:: Work order ::
Reproduce the listing below in full and without alteration, apart from its pictures.

:: Dataset excerpt ::
==================================================

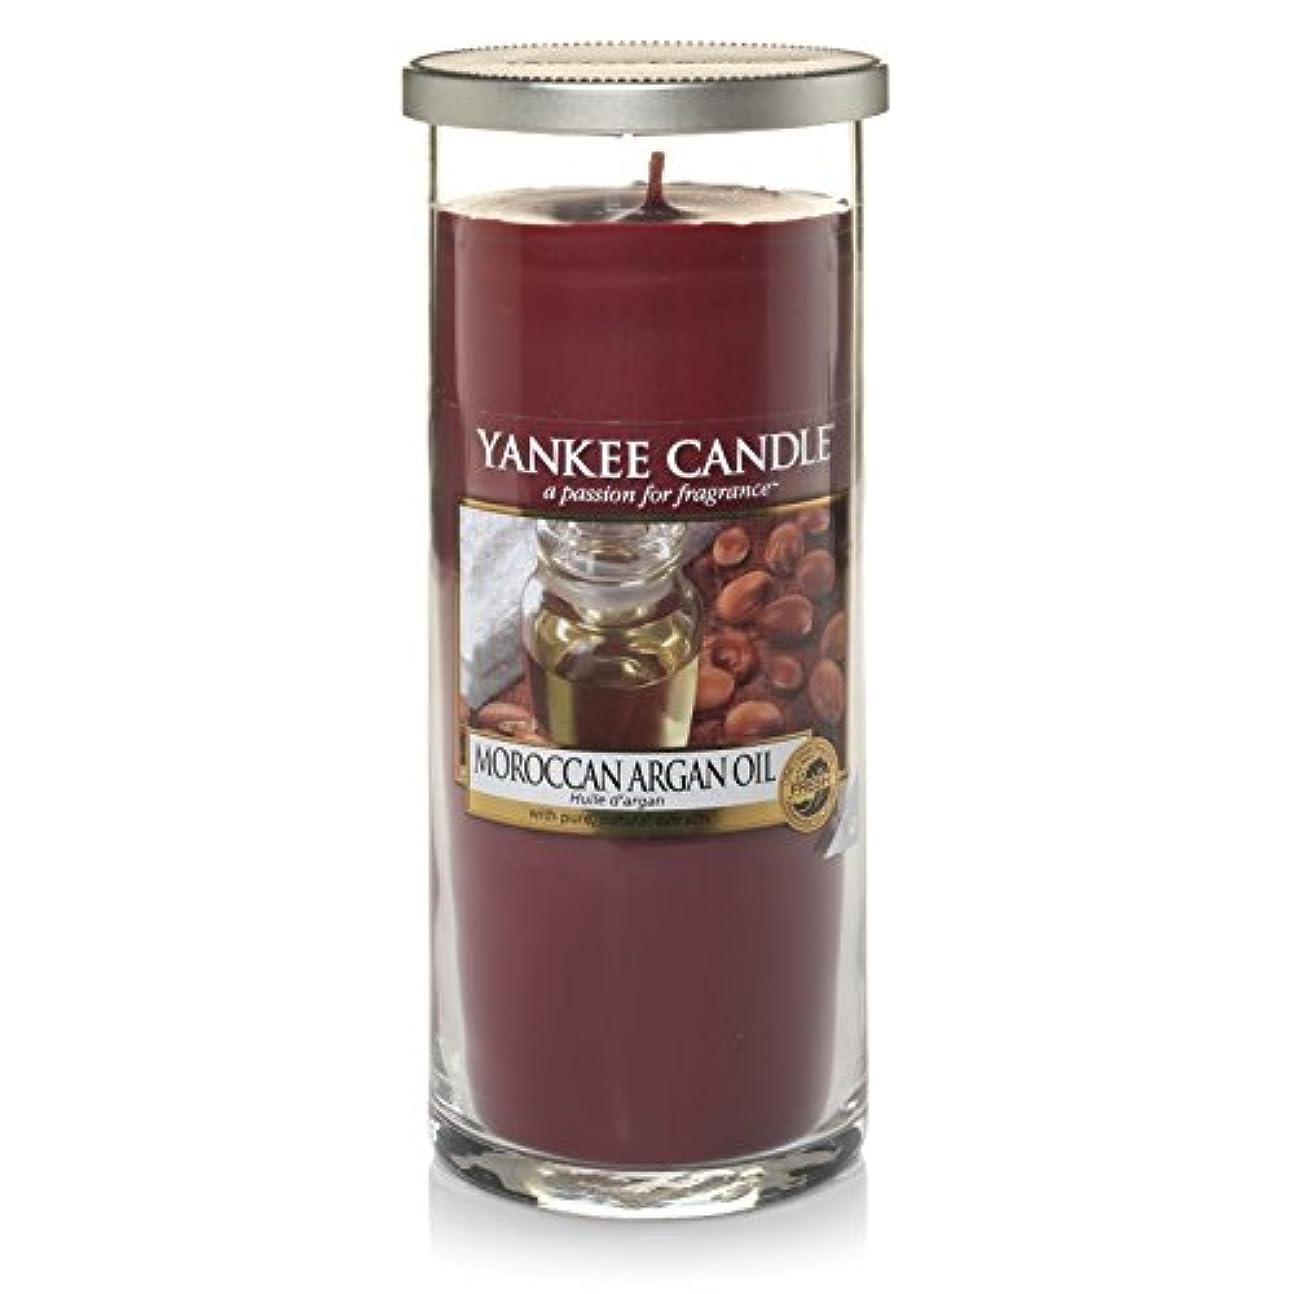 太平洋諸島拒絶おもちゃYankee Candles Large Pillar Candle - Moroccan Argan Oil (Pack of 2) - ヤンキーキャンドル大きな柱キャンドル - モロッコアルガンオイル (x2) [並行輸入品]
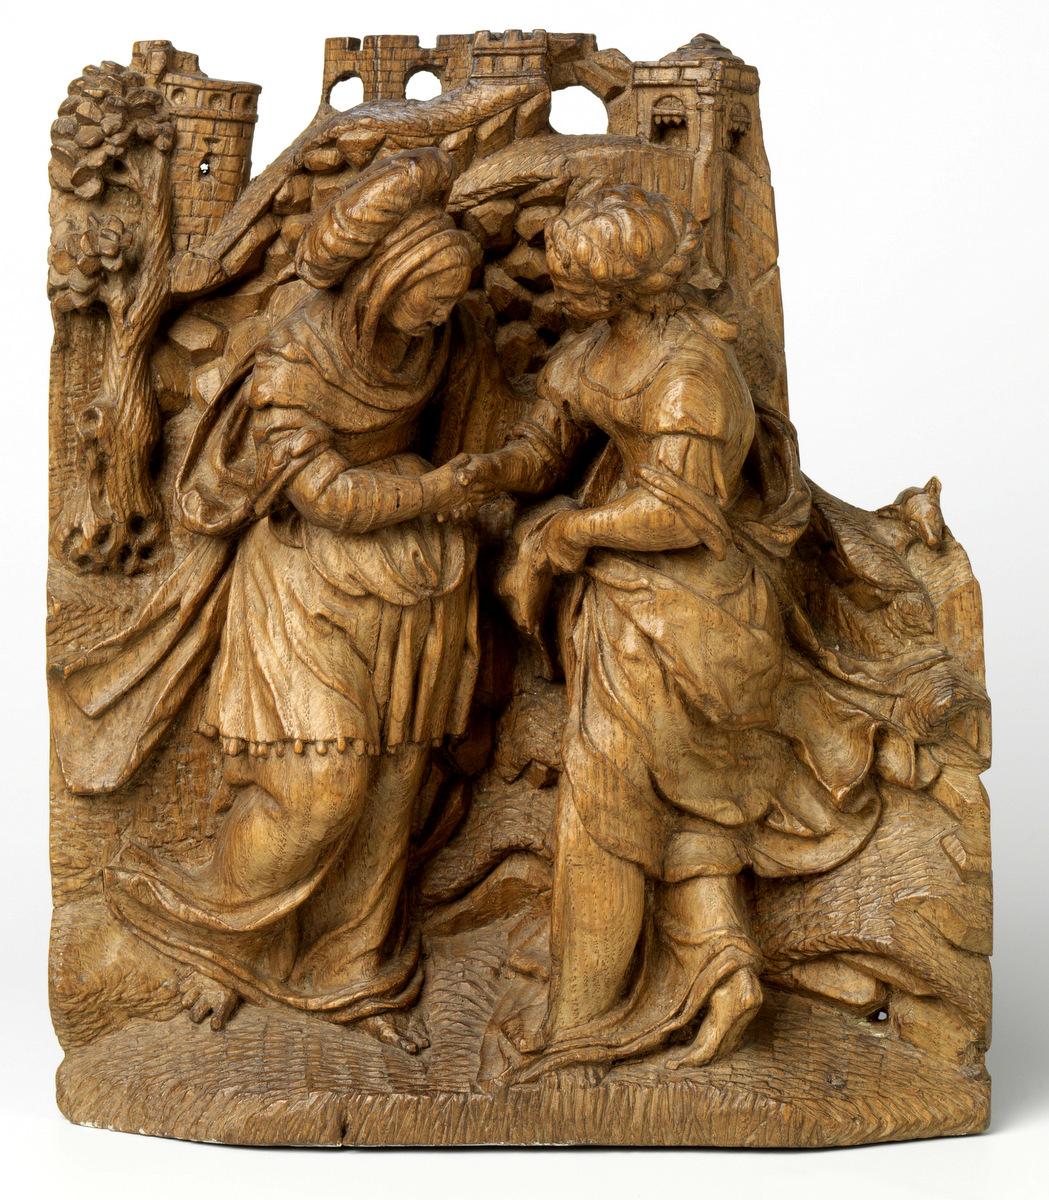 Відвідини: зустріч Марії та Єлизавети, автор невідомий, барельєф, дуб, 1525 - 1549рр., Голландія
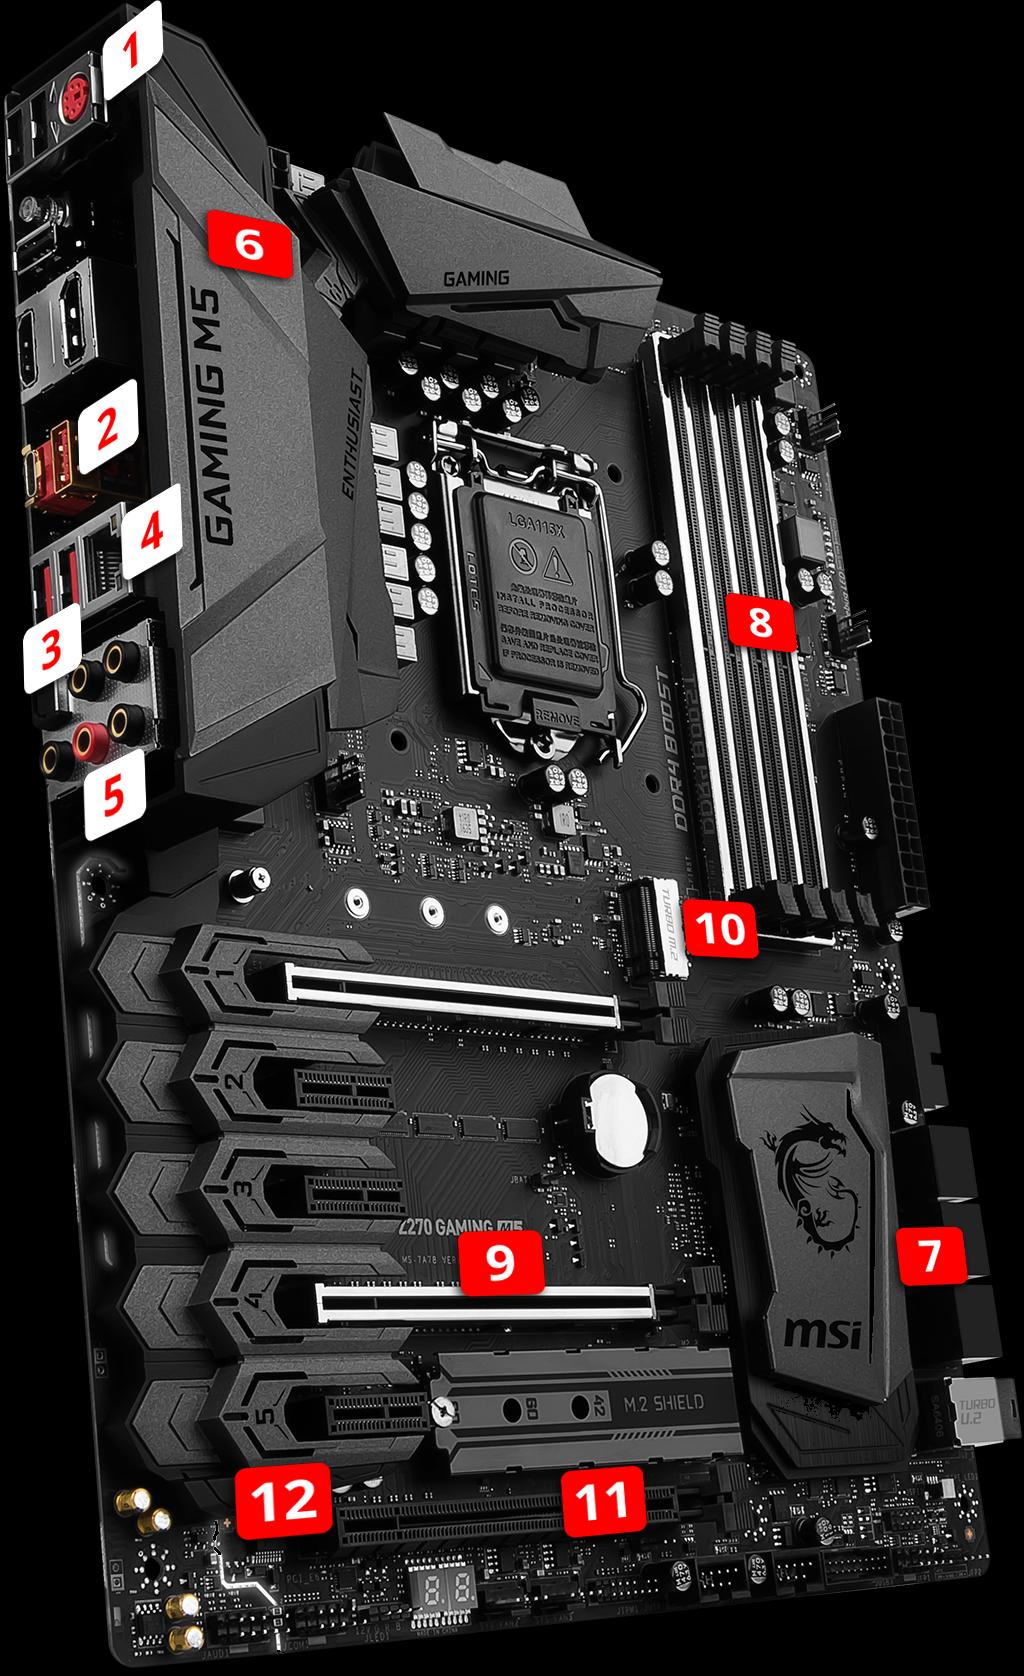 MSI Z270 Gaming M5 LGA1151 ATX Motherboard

==================================================

:: Answer to the exercise ::
 太平洋諸島拒絶おもちゃYankee Candles Large Pillar Candle - Moroccan Argan Oil (Pack of 2) - ヤンキーキャンドル大きな柱キャンドル - モロッコアルガンオイル (x2) [並行輸入品]
 Відвідини: зустріч Марії та Єлизавети, автор невідомий, барельєф, дуб, 1525 - 1549рр., Голландія
 MSI Z270 Gaming M5 LGA1151 ATX Motherboard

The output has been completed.